Agaat - Marlene van Niekerk [57]
Ai, Milla, what a wonderful man you married, if only Thys were like him.
You played along for a while.
What’s wrong with Thys? you asked, he looks like a real pillar of strength to me.
Thys, he, he is . . . hard.
But with you? you asked, with you he is surely soft?
Beatrice looked away.
What got into you? Did you want to shock her? Perhaps you thought your pregnancy gave you licence, gave you power, liberty to be open-hearted.
Pretty Jak de Wet is a dog, Beatrice, you said. A Doberman if you like, fine of build with a beautiful muzzle, but a dog nevertheless.
Then you told her about Jak, about how he treated you. She listened.
You told her everything about the painting of the cabinets and the dragging across the cement and the scratches and the bruises and how it had gone on over the years, and how he had withdrawn into himself, a time-bomb waiting to explode. She’d always thought there was something wrong, she said. The more you told, the less she wanted to hear, but you kept her there.
Why did I marry him, Beatrice? you asked, who is this man? The more I stare at these photos to try and understand, the more the mystery deepens.
Perhaps, Beatrice began, you could see she was hesitant, perhaps you wanted to share in his . . . in his . . .
Beatrice looked away. You waited for her to continue.
Perhaps you’re dependent on his . . .
She took her handbag, left her sentence hanging in the air. You changed the subject.
No, you said, don’t go yet, it’s your turn now, you talk to me now, I also guess my guesses about you, you know.
And then you saw it, how she clammed shut, how the defensiveness came over her, over her mouth and into her eyes. More than defensiveness, disgust, judgement. Of you, not of Jak.
I shall never talk out of the house, Milla. Marriage is holy and it’s private. Everything depends on that. Thys has his faults but he’s a good human being, a good man, and I stand by him through thick and thin, as I promised before the holy Lord.
On her heel she turned and walked out. You went and sat on a chair there in Jak’s room, in his display case, as if his displayed wares had to forgive you for what you’d let out of the bag. What dark mood was it that drove you out of there? You took his camera that was lying on his desk, and went looking for him.

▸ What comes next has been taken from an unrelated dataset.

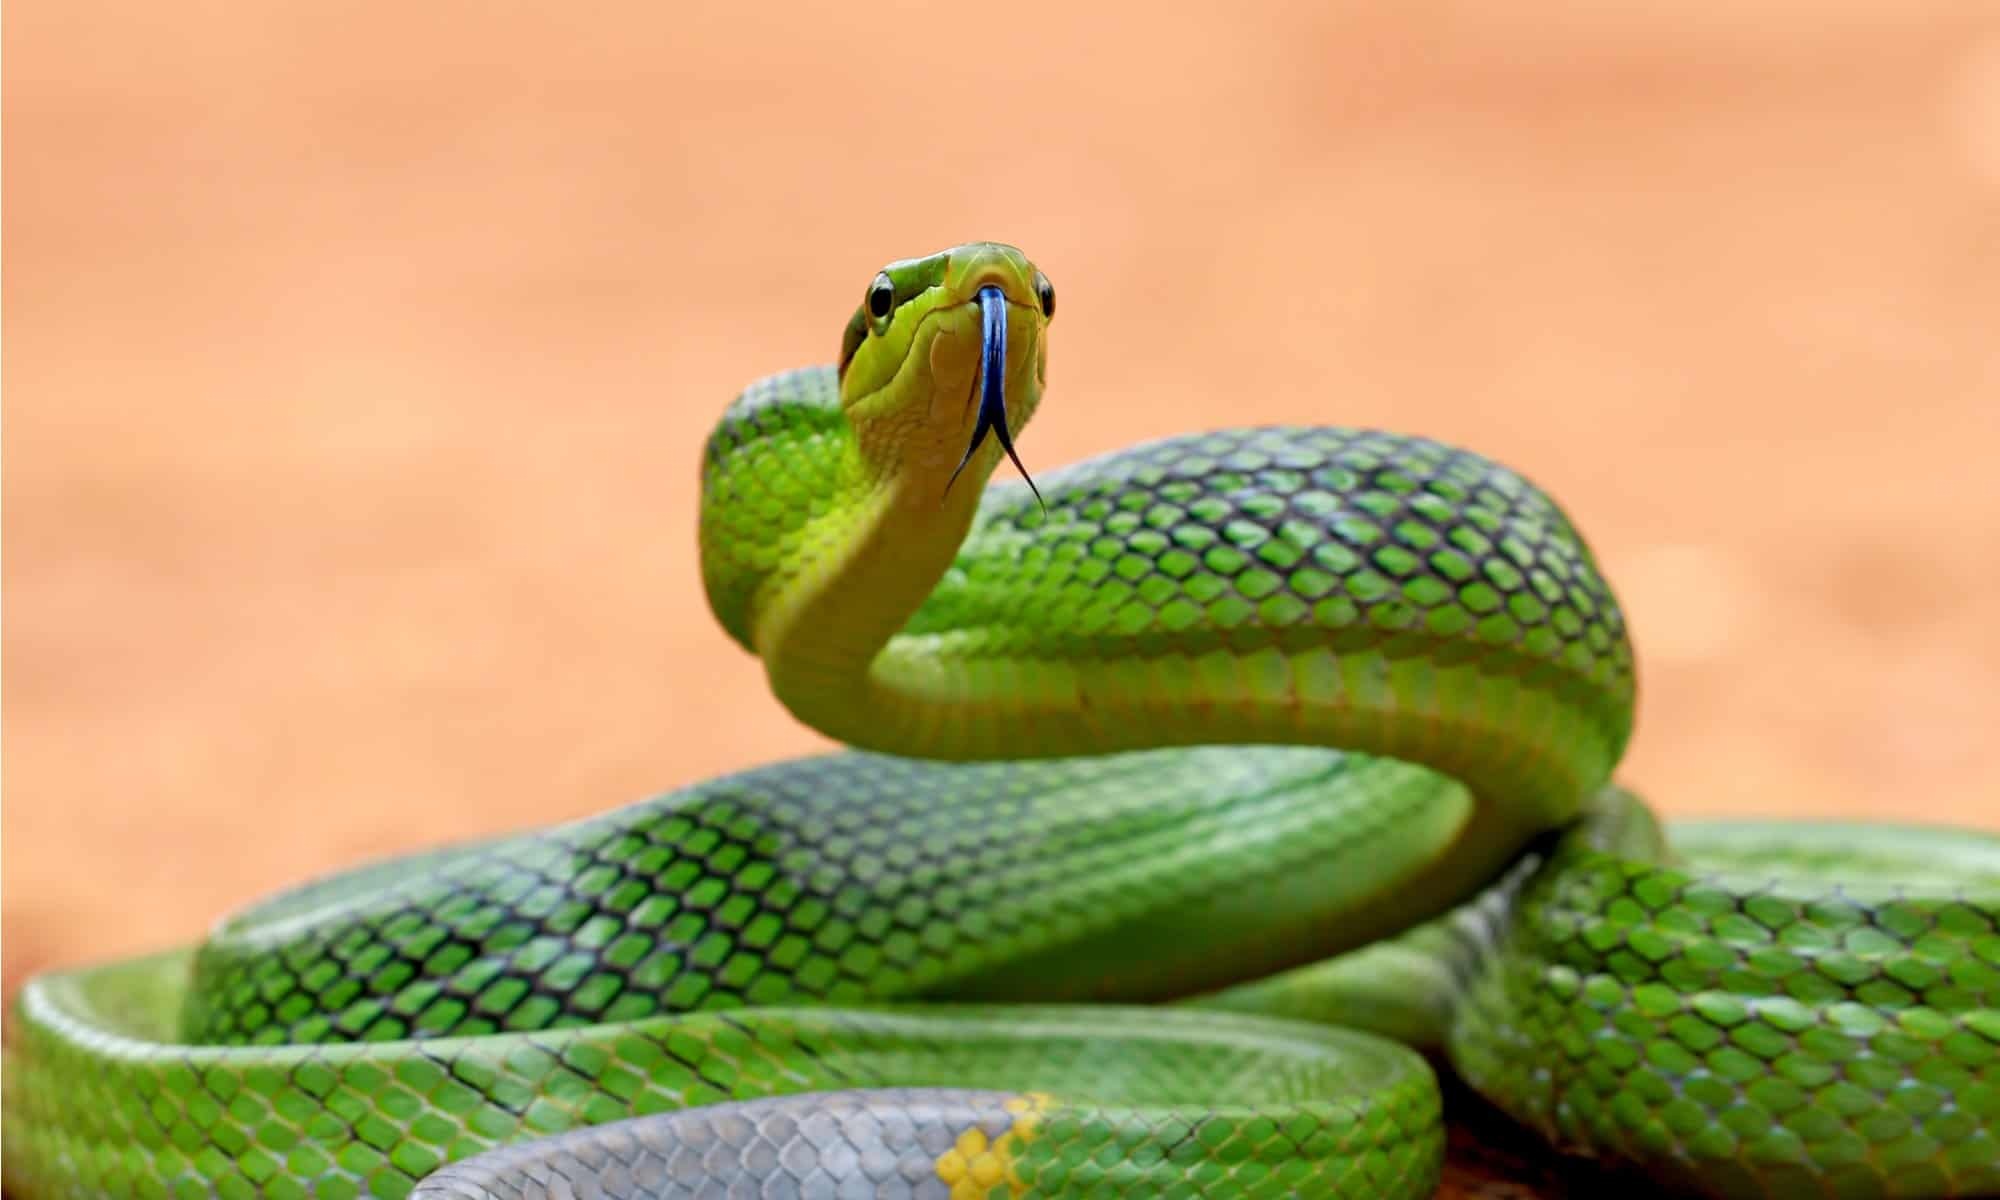 Loài rắn mang tên gọi đáng sợ và giống hệt rắn độc nhưng vô hại

You found him in the implement shed with the new ripper. You walked across the yard slowly, your body was big, it was a month before Jakkie’s arrival. The plough had been delivered that very morning by the agent of International Harvester. You had a good reason to go and look for him because lunch was on the table. The shed was dark, you stood still for your eyes to adjust. Jak was standing caressing the seed hopper of the new plough. His lips were moving.
Soilmaster, you heard him say. The word sounded clearly in the shed. He squatted into the backside of the plough, his eyes closed while he played his hands up and down over the teeth.
You wanted to turn away and leave, you held the camera behind your back, but he’d already seen you.
Milla, he called after you.
Come and eat, you wanted to say, but then you said something else.
Then you said to him, move the plough out under the wild fig, I want to take photos. And you walked back to the house with your heart filled with dark feelings and you paged through his wardrobe until you found an olive-green shirt.
This will show off the red of the plough more clearly, you said, they’re complementary colours, red and green.
And then you posed him, like this and like that, and you aimed from below and from above, from near and from far, full and half and quarter profiles.
Smile, you said. Pensive. Say cheese, sing, happy days are here again, sing, I talk to the trees.
The farm kids also wanted to be in the photos. They swarmed all over the plough like bats and fiddled and fidgeted everywhere as if they might find something edible there. And then Jak said abruptly, that’s enough, he was tired now. Certainly the first time that you’d heard him say that of a photo session.